INFORMATION SHOWN:
Content starts

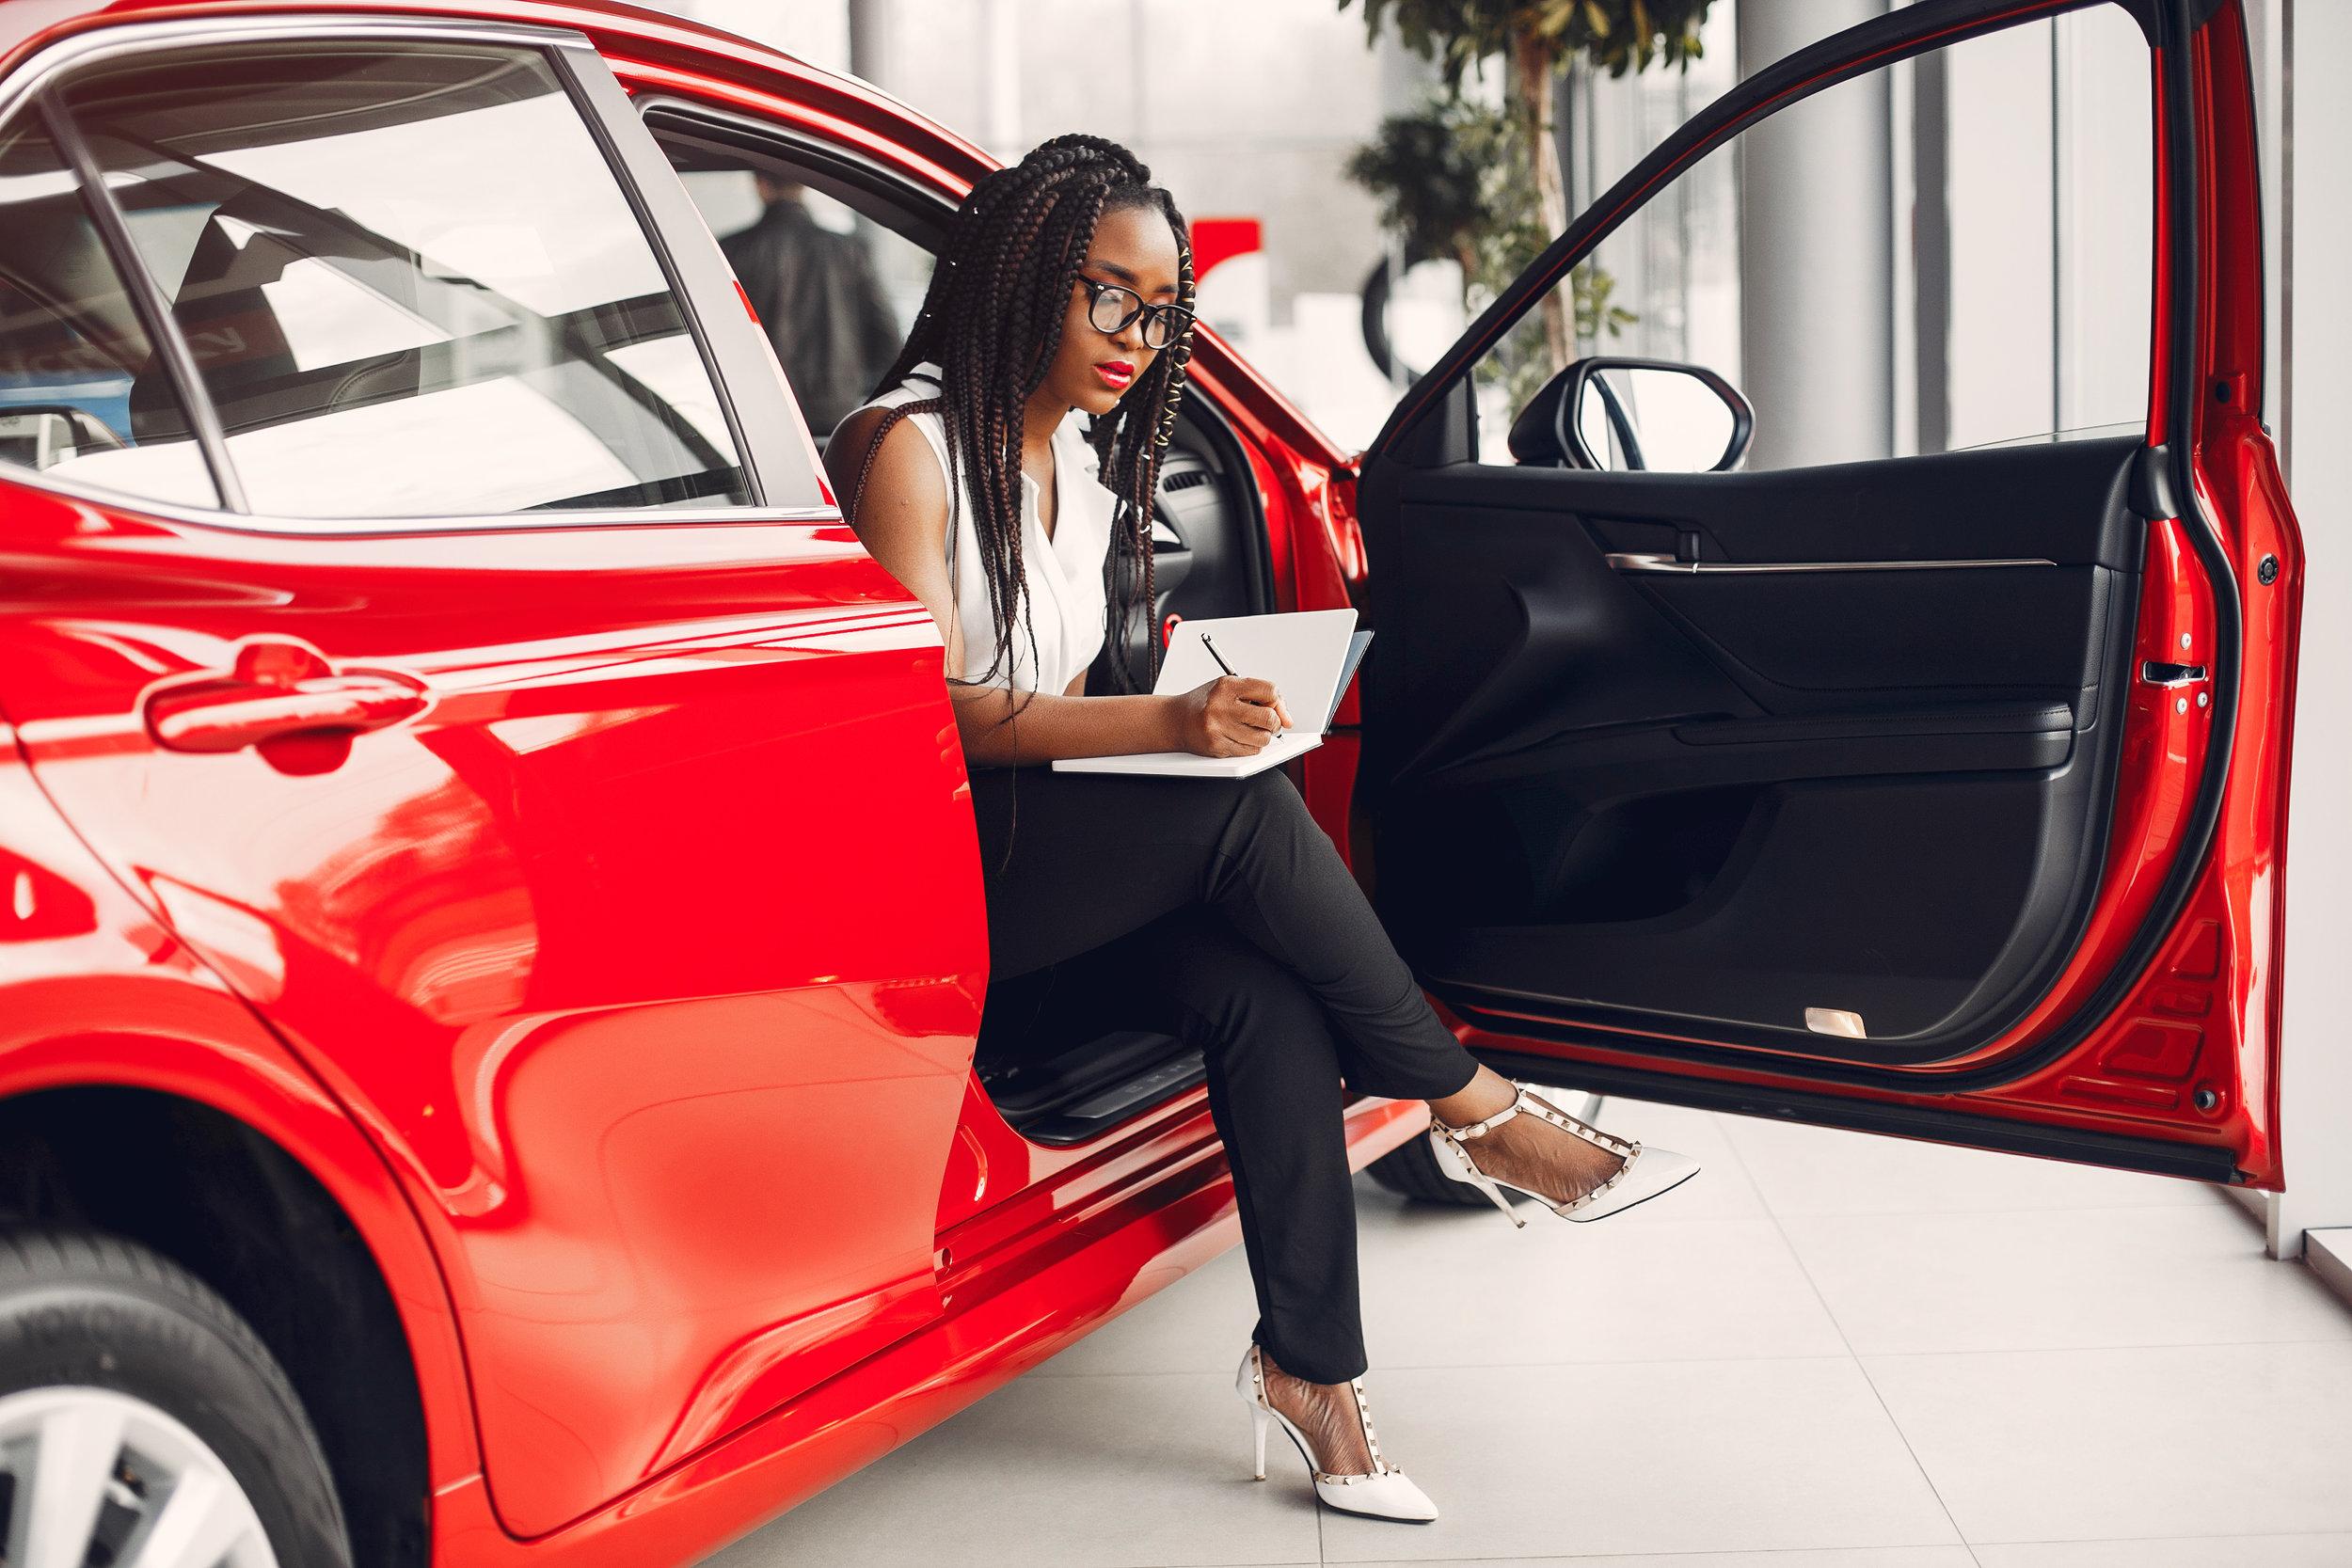 stylish-black-woman-in-a-car-salon-SGKXCD8.jpg
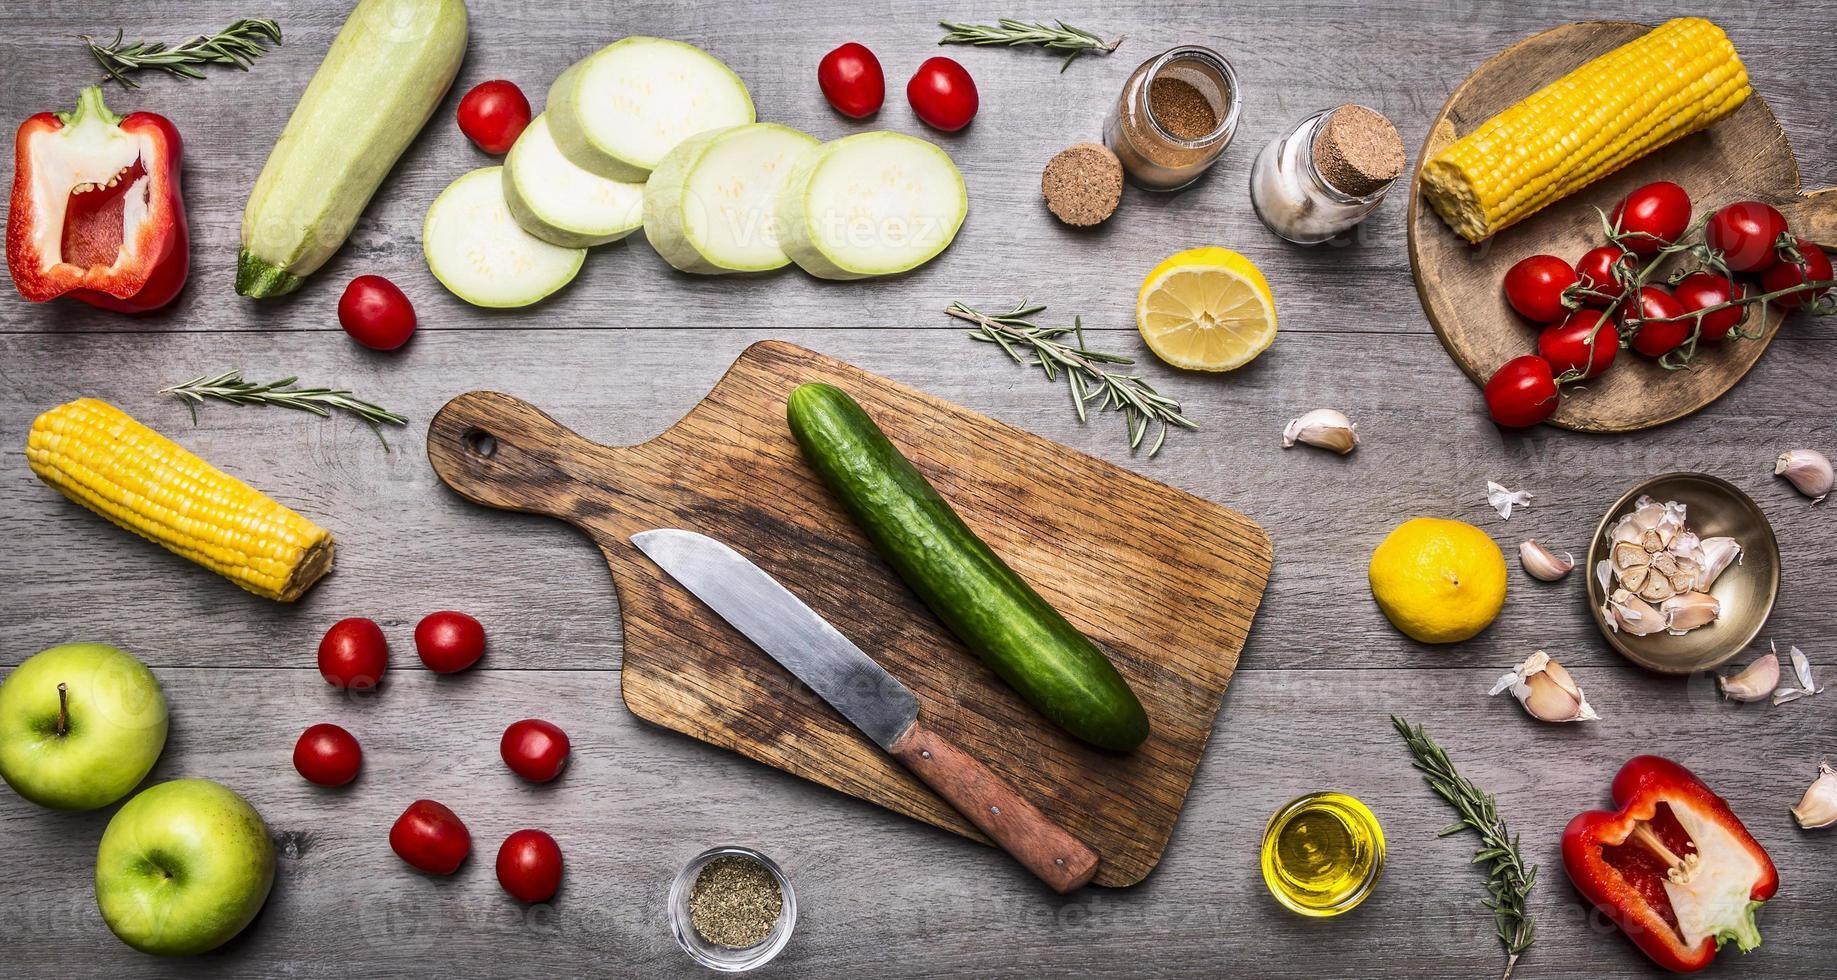 Schneidebrett, gesunde Lebensmittel, Kochen und vegetarisches Konzept. foto
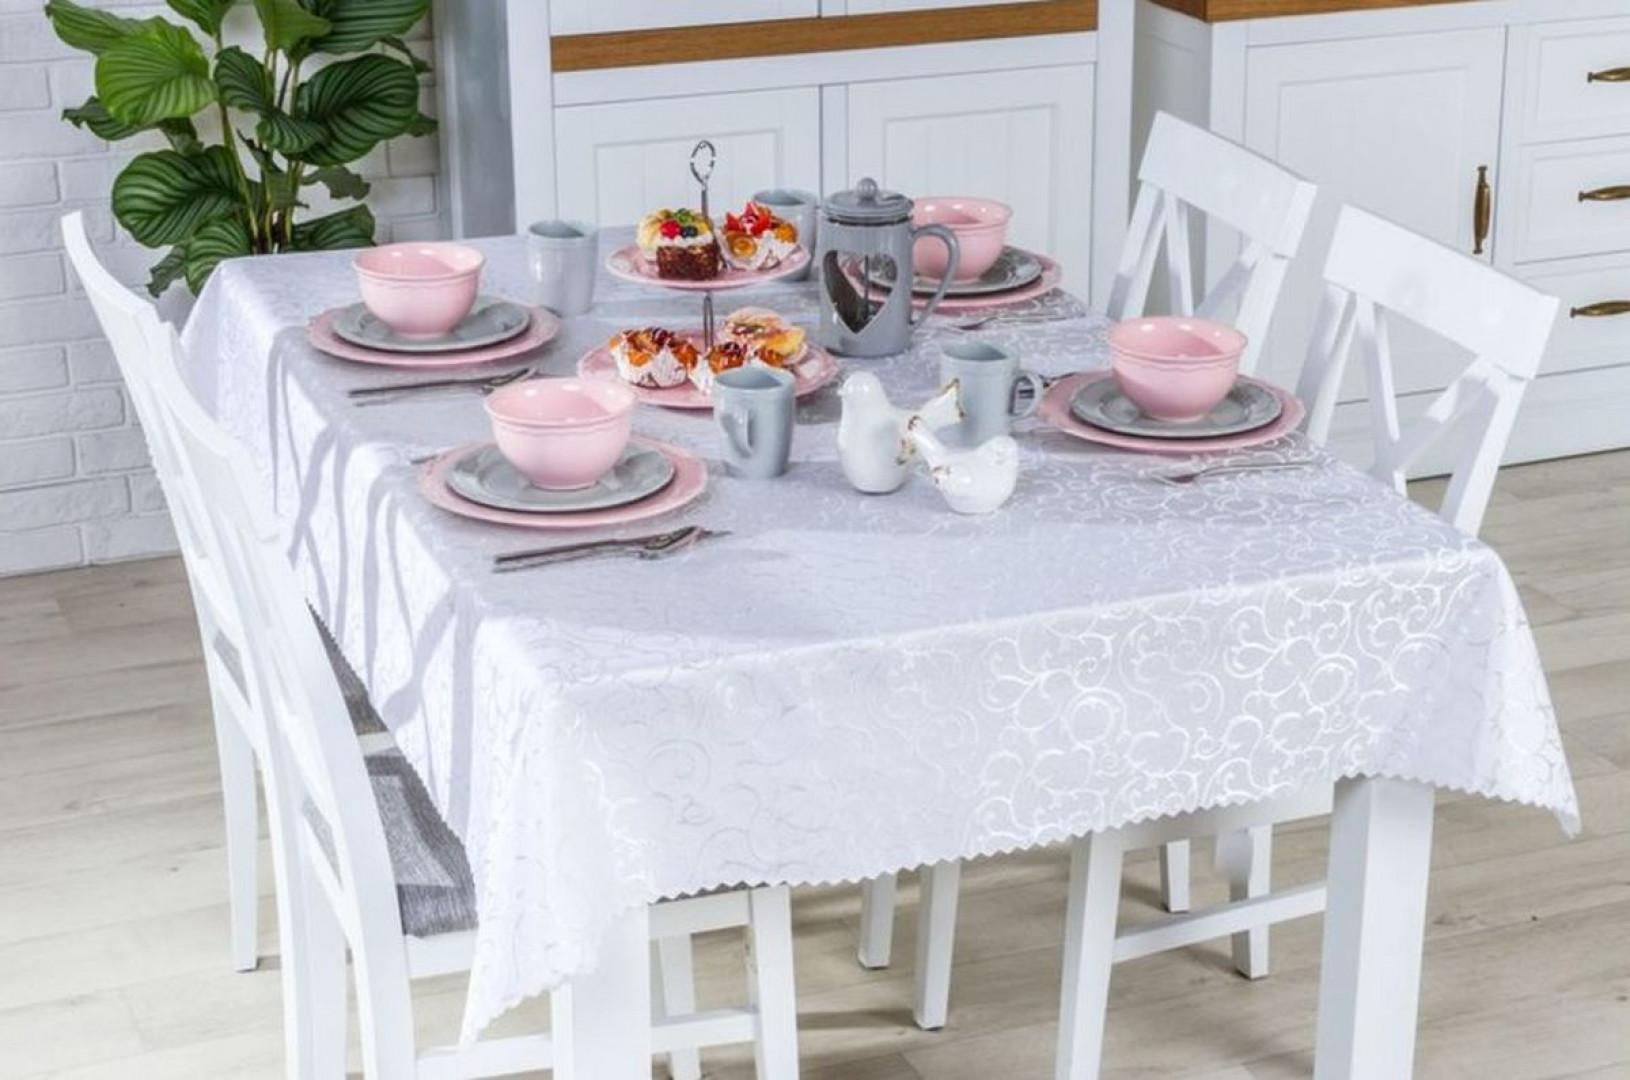 Aranżacja stołu wielkanocnego w duchu klasycznej elegancji. Fot. Salony Agata

Content ends

Copy out the listing word for word and skip its pictures.

ANSWER TO THIS EXERCISE:
 stylish-black-woman-in-a-car-salon-SGKXCD8.jpg
 Schneidebrett, gesunde Lebensmittel, Kochen und vegetarisches Konzept. foto
 Aranżacja stołu wielkanocnego w duchu klasycznej elegancji. Fot. Salony Agata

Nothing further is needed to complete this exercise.